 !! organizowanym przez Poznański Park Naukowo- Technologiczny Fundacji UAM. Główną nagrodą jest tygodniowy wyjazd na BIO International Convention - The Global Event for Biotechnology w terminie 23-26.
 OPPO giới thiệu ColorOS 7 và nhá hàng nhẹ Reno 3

* * *

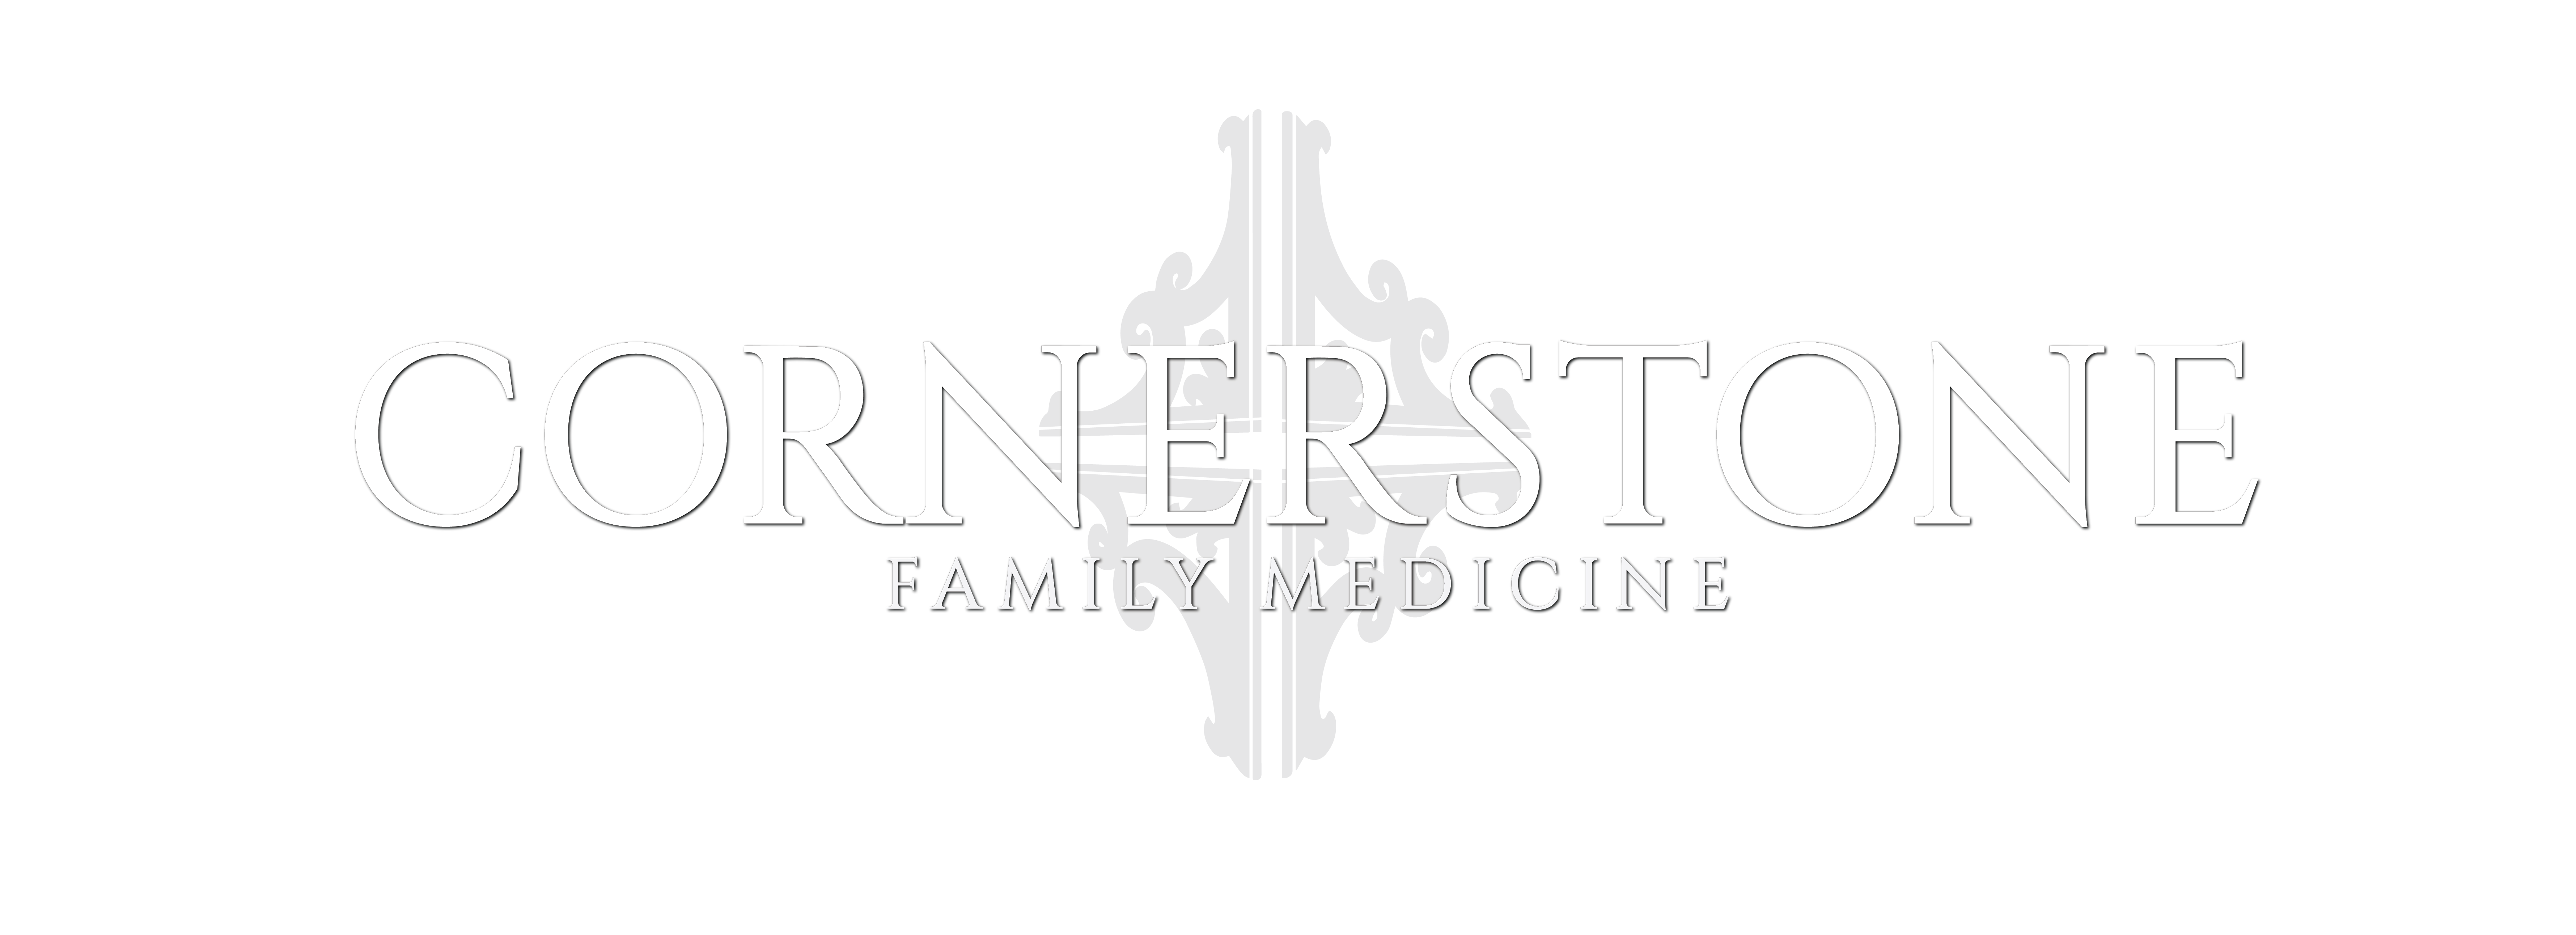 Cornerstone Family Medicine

WHAT YOU ARE ASKED TO DO ▸ Go to the line in the material above that contains "w terminie 23-26." and copy exactly from there through the line that contains "OPPO giới thiệu", stopping after it.

ANSWER TO THIS PROBLEM ▸
 !! organizowanym przez Poznański Park Naukowo- Technologiczny Fundacji UAM. Główną nagrodą jest tygodniowy wyjazd na BIO International Convention - The Global Event for Biotechnology w terminie 23-26.
 OPPO giới thiệu ColorOS 7 và nhá hàng nhẹ Reno 3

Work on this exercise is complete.